As in the FAME trial, in the FAMOUS-NSTEMI trial, two decision strategies were compared here, in patients with non ST-elevation acute coronary syndromes referred for urgent invasive management either within 72 hours of the acute ischaemic event or with recurrent ischaemia within 5 days after the index ischaemic event.10 Patients were randomised after the initial treatment decision based solely on angiography was made. FFR measurements were performed in all patients but only disclosed in the FFR-guided group. The results showed that when FFR data were disclosed the initial treatment option was changed in 21.6 % of patients thereby reducing the revascularisation rate. Overall, health outcome and quality of life in both randomised groups were similar despite the finding that in the FFR-guided group the rate of procedure-related MI was lower, but the rate of spontaneous major adverse cardiac events was higher during the 12-month follow-up period.10 These observations will need to be confirmed but appear to support the results from the FAME trials, stressing the point that treatment of ischaemia-inducible lesions should be an important aim in this population of patients.

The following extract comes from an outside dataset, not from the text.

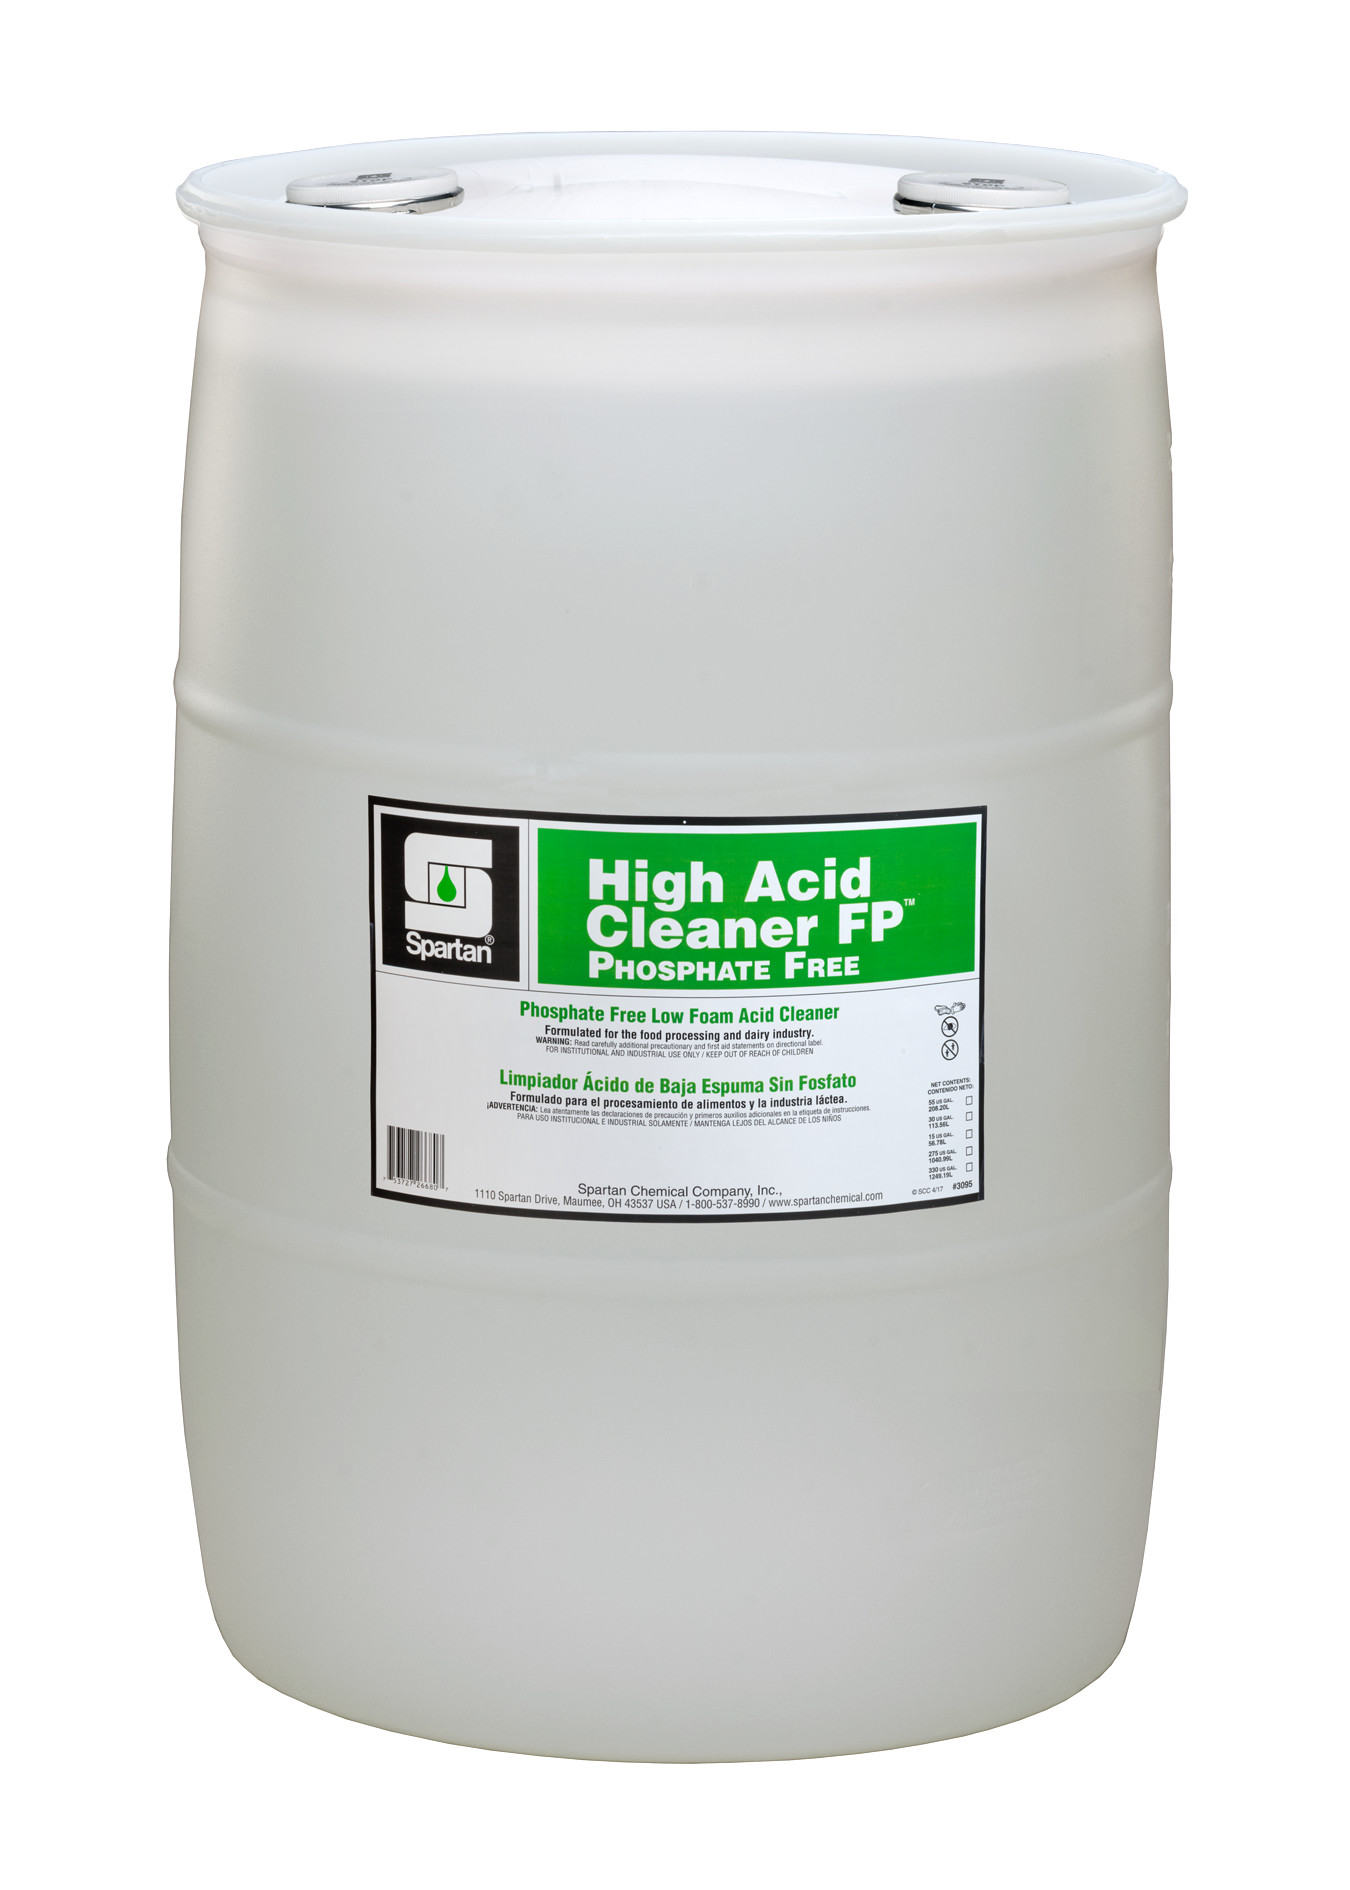 Spartan Chemical Company High Acid Cleaner FP Phosphate Free, 30 GAL DRUM

The Grey Zone: FFR Index of 0.75–0.80

As mentioned earlier, the seminal FFR validation study demonstrated in patients with a discrete coronary stenosis an FFR threshold value of 0.75, below which ischaemia was inducible as demonstrated in at least one of three different non-invasive stress tests.4 The authors reported a sensitivity of FFR to detect reversible ischaemia of 88 %, with a specificity of 100 %. Although this may appear to be a robust figure, it is not infallible. There are important reasons for the predictive value being <100 %.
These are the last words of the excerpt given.